For Pieter Zuber, a courier during the same UN mission, driving roads between places like Tel Aviv, Sharm El Sheikh, Cairo and Haifa was, at 19, his first time outside Canada.

“We wrecked a Jeep once,” he said. “It was like a snow bank, only it was a sand bank.

“It didn’t give much,” he said, laughing.

For Gagne, too, military service meant traveling far outside the experiences he’d known growing up in Cartier, Ontario.

By the spring of 1944, he was on a troop ship bound for Scotland on a northern route that took them past Greenland icebergs.

The ship changed course every seven minutes, he said, so that German submarines couldn’t pick it up on radar.

Students sometimes ask Gagne how he slept during the war. On the ship, it was in a bunk too close to the engines – it left him with damaged hearing.

Later, when his unit was working on its biggest project, rebuilding roads into the bombed-out French city of Caen, Gagne often slept in a ditch by his truck.

One night, he says he remembers throwing the ramps down to get off and seeing a cement block with a horse and rider. It was a gilded sculpture of Joan of Arc, untouched by bombs and artillery.

“There was just enough light,” he said. “It was that close that you could hear the small arms fire – bap, bap, bap – and you got out of there.”

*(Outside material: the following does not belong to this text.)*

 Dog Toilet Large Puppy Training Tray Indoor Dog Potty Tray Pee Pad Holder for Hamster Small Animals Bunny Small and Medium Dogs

“From where our unit was to Caen, the artillery on both sides damn near lit up the road.”

Like the other veterans of the Second World War, Jean Eade served in foreign countries.

But as a British Army nurse based in Liverpool, the war also came to her home.

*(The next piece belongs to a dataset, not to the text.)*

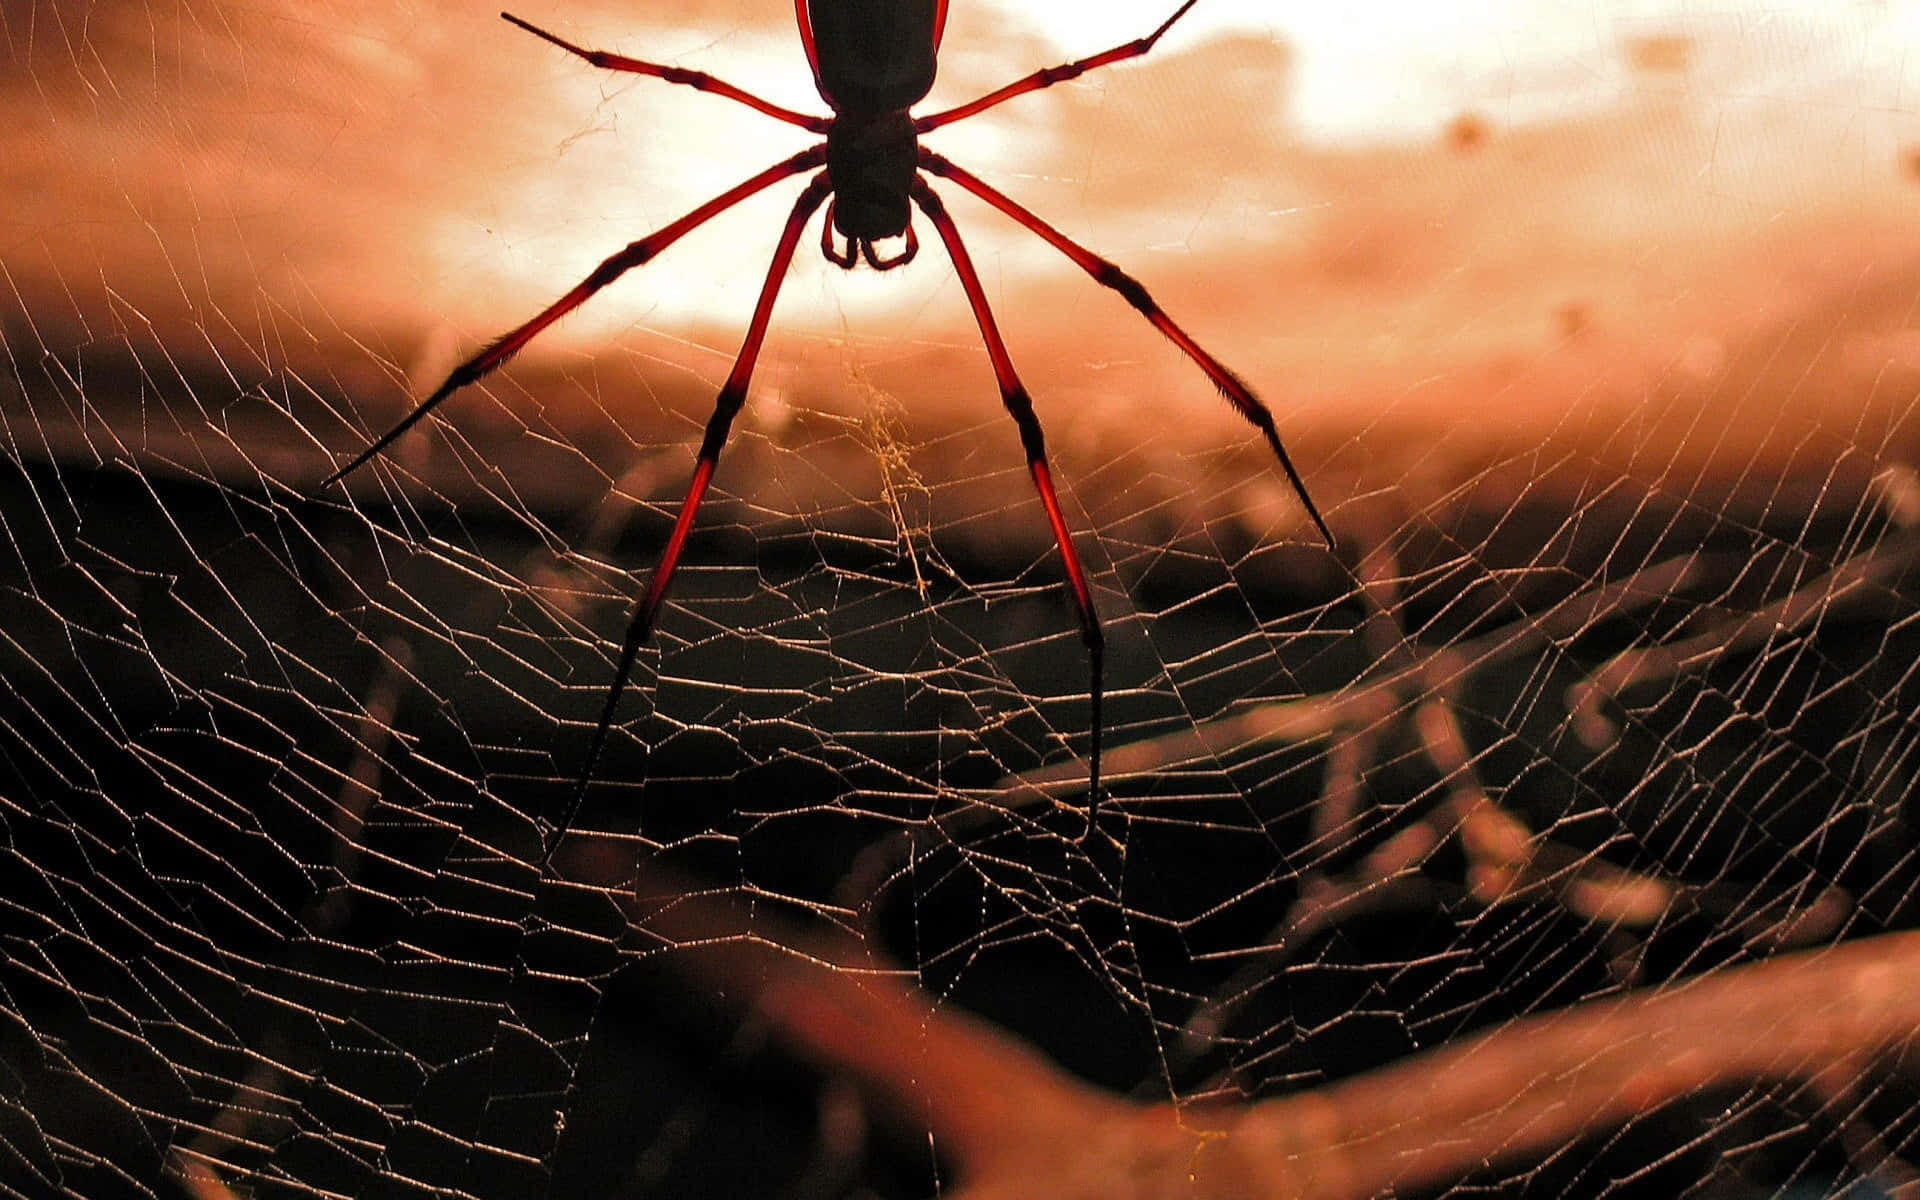 A close-up view of a spider in its natural environment

“Liverpool was flattened,” she said.

For nine straight nights in 1940, waves of German planes flew over the city at 7:30 p.m., dropping incendiary bombs and then high-explosive bombs into the fires.

When they left at 6:30 the next morning, Eade went to work.

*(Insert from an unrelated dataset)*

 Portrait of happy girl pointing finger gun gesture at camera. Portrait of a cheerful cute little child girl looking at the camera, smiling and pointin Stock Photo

“You could time them,” she said. “You did your work by the planes.”

Nurses survey bomb damage at the Manchester Royal Infirmary nurses’ residence. Veteran Jean Eade was outside when she saw a buzz bomb hit the building on October 11, 1940. “For a couple of seconds, the wall was there, and then – it was like a movie,” she said. “The wall came out and you could see all the rooms.”  Photo courtesy Central Manchester University Hospitals NHS Foundation
Nurses survey bomb damage at the Manchester Royal Infirmary nurses’ residence.
Veteran Jean Eade was outside when she saw a buzz bomb hit the building on October 11, 1940.
“For a couple of seconds, the wall was there, and then – it was like a movie,” she said. “The wall came out and you could see all the rooms.”
Photo courtesy Central Manchester University Hospitals NHS Foundation

For the nurses in Liverpool, work meant getting a bus and driver, then going house to house in destroyed neighbourhoods to pick up the wounded and the dead.

Survivors went onto a gurney with a toe tag, and were wheeled into a hospital hallway.

“‘Triage?’ You never heard of ‘triage,’” she said. “You did what you could for them to live. And if you couldn’t do anything, you shoved them over on their side and let them die.

“Not nice, but true. If they were shot up badly, they were going to die anyway. We just shoved them over out of the way so you could get the next one in.”

Hanging above the table at Branch 11 is a stuffed toy bull.

The ‘B.S.’ table is a tradition in legions – some have real bull horns hanging overhead.

Even in the war stories of veterans like Eade and Gagne, there are moments of humour – the price of Canadian Club in Cairo, soldiers going to Paris on leave to sell stolen tires, playing pick-up hockey on the deck of troop ship with Turk Broda, goalie of the Toronto Maple Leafs.

But there are also hard lessons. Preparing the bull dozers, cranes and other equipment that would roll out for D-Day Gagne said neither he nor the soldiers around him knew what was coming.

“You really didn’t think of that,” he said. “You had no choice.”

“You were in the army and you went where they sent you.”